* [Provided information]:
■ ■ ■ ■ ■

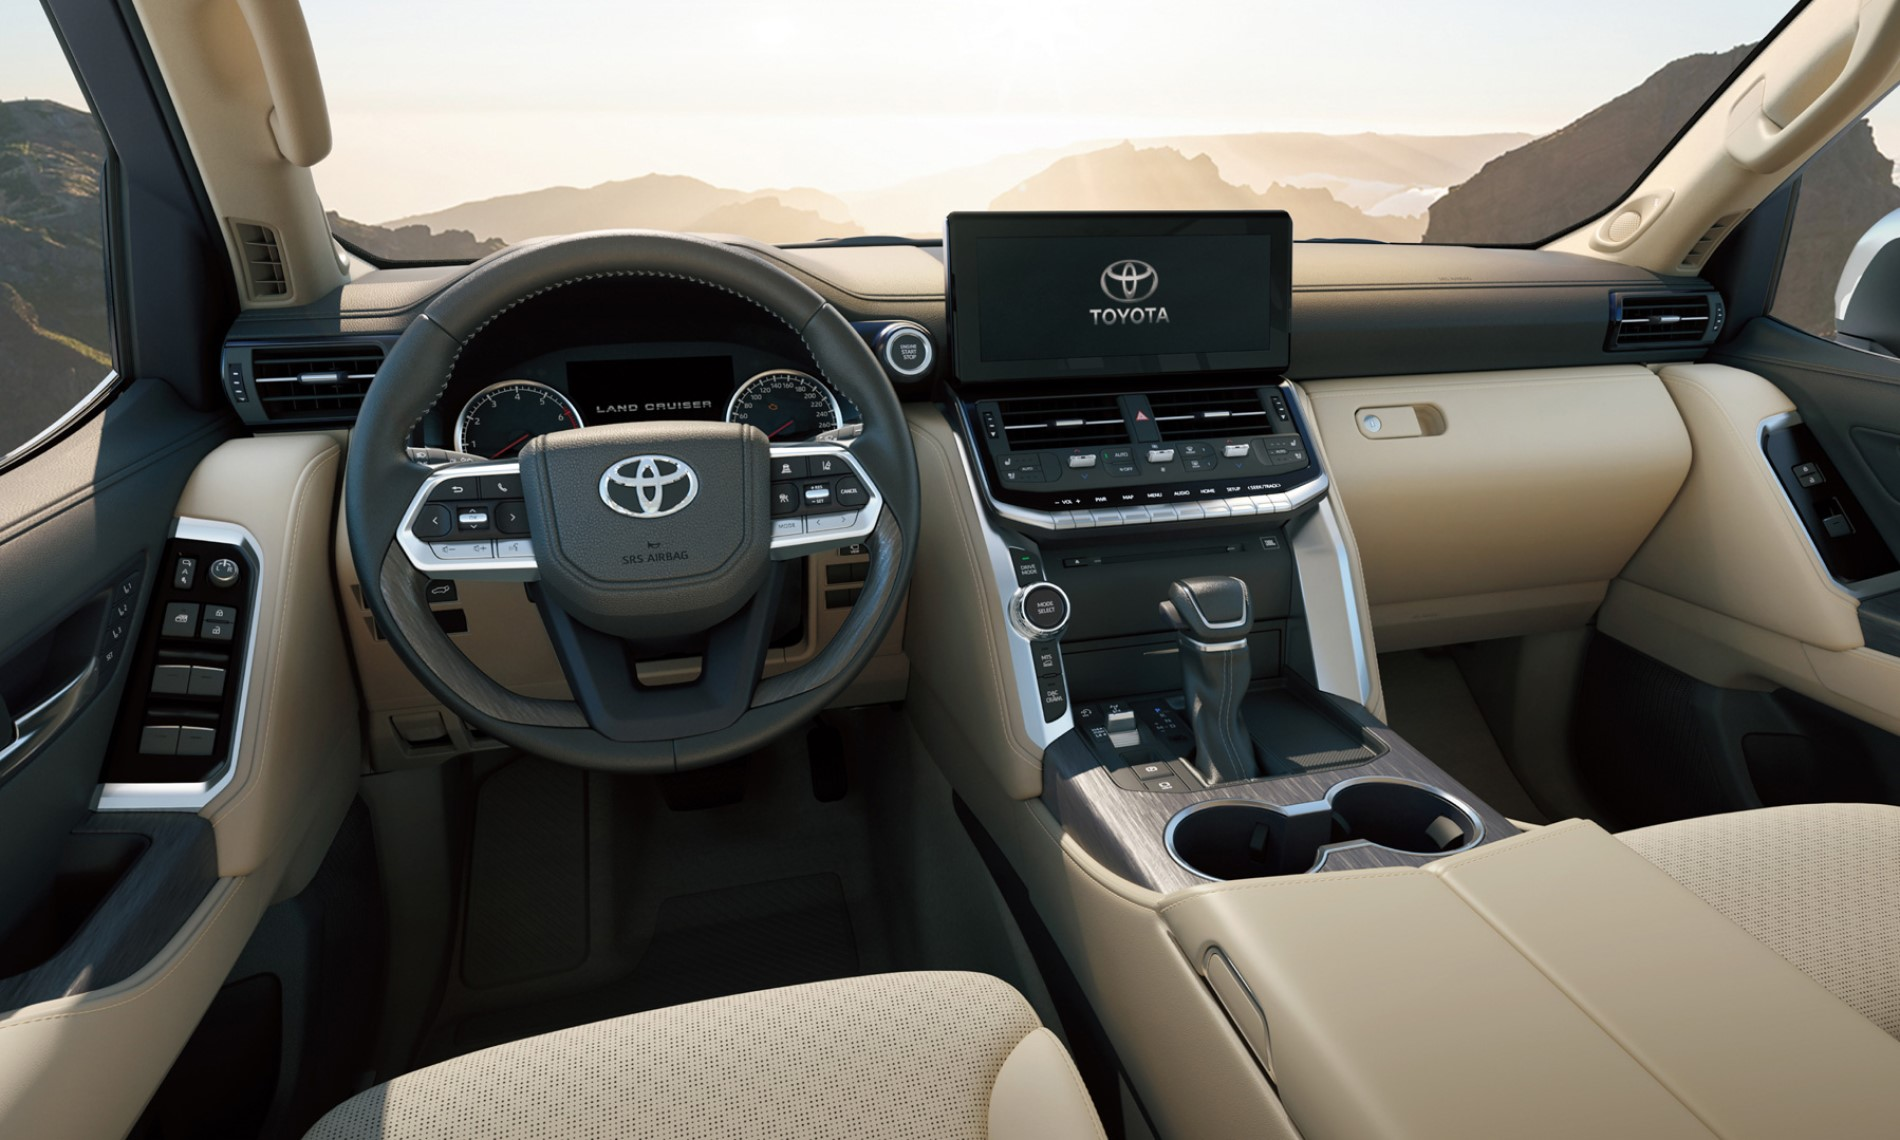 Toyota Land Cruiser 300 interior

■ ■ ■ ■ ■

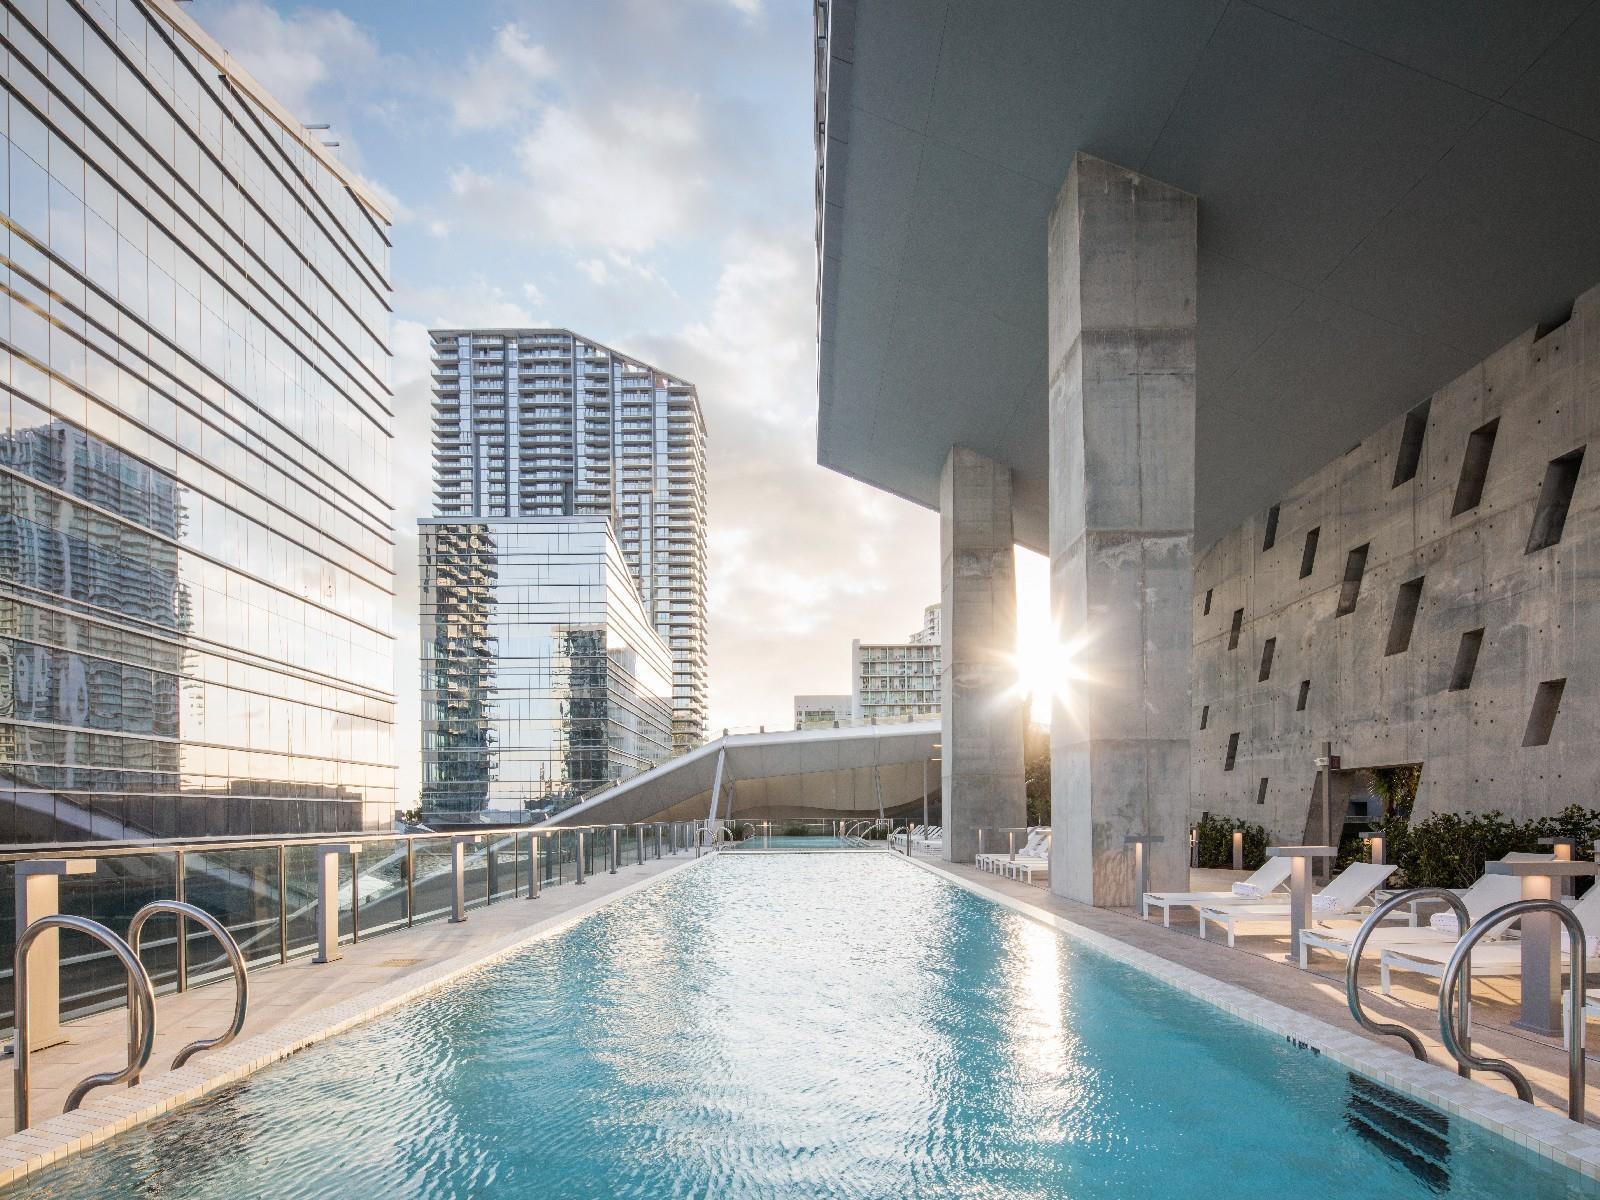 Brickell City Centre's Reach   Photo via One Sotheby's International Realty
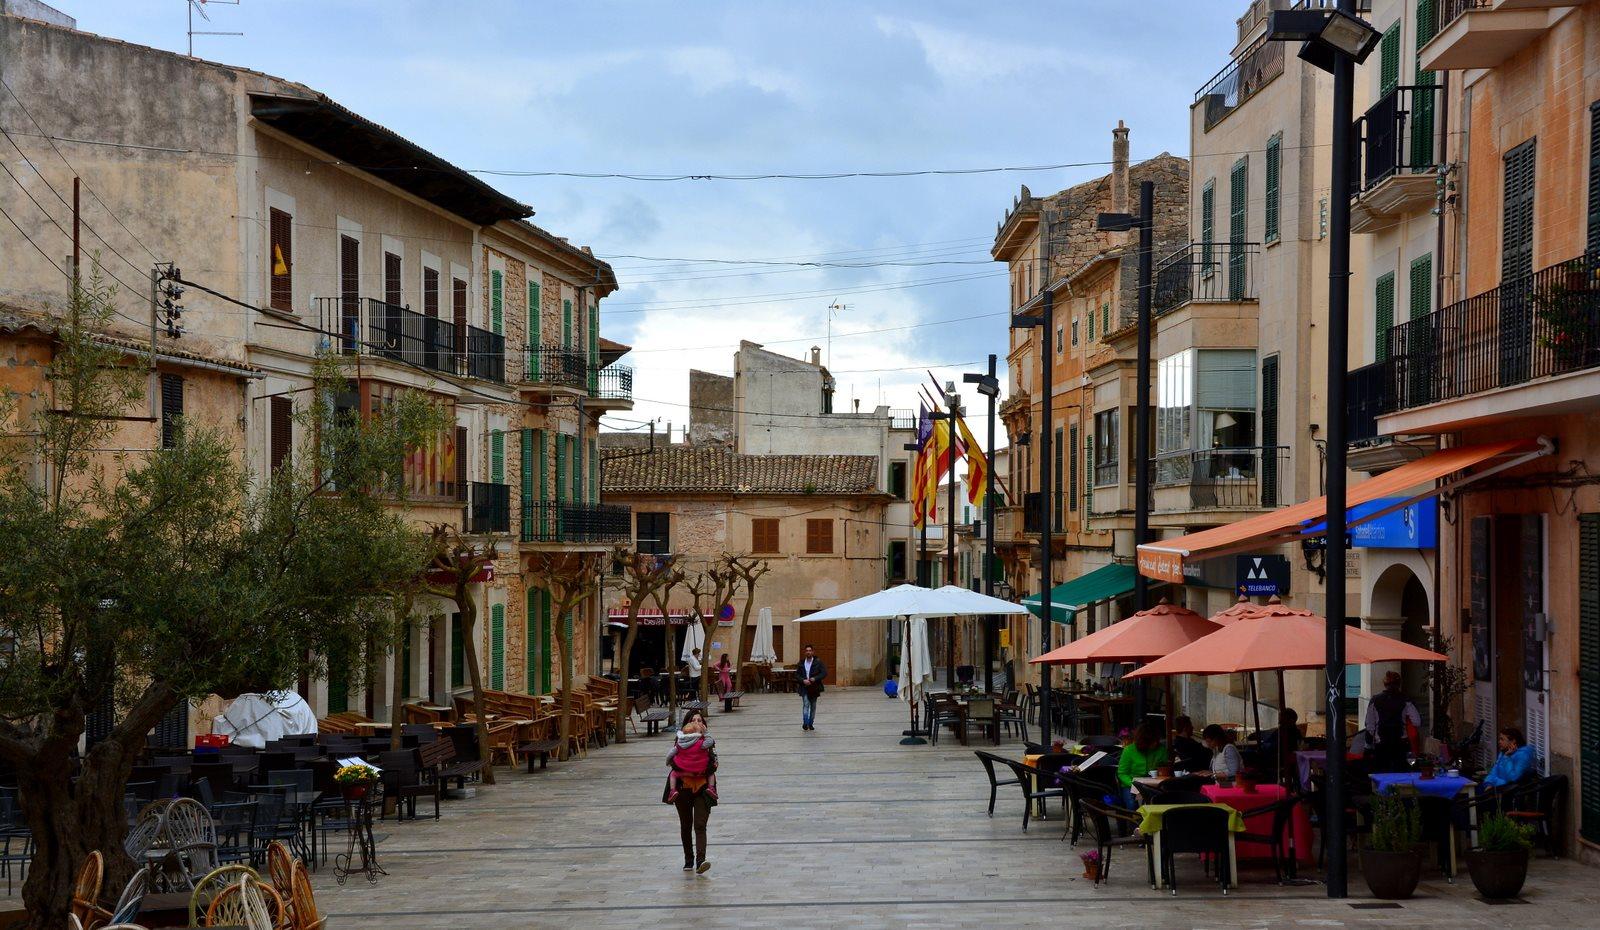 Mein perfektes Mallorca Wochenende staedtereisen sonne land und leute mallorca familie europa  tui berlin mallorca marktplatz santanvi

■ ■ ■ ■ ■

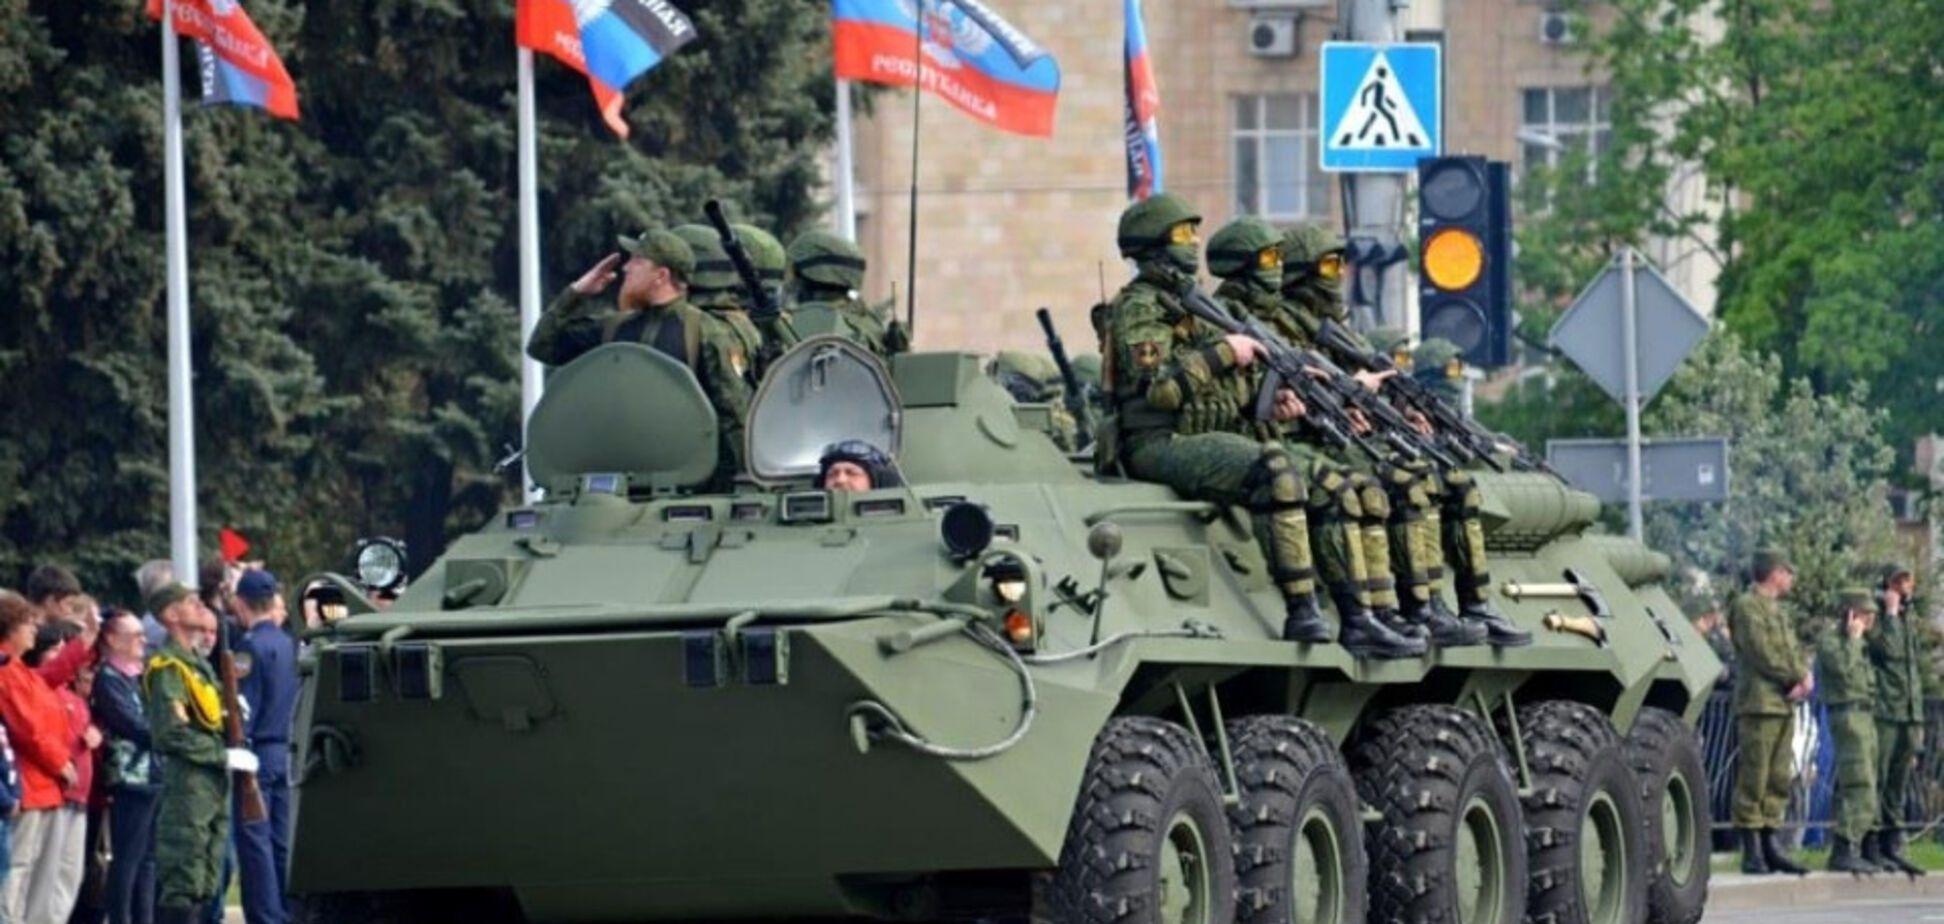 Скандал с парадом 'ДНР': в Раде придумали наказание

■ ■ ■ ■ ■

* [Work to be completed]: Would you copy the lines above exactly, starting with the one that has "Brickell City Centre's" and ending with the one that has "Mein perfektes Mallorca", both included, without the pictures?

* [Response below]:
 Brickell City Centre's Reach   Photo via One Sotheby's International Realty
 Mein perfektes Mallorca Wochenende staedtereisen sonne land und leute mallorca familie europa  tui berlin mallorca marktplatz santanvi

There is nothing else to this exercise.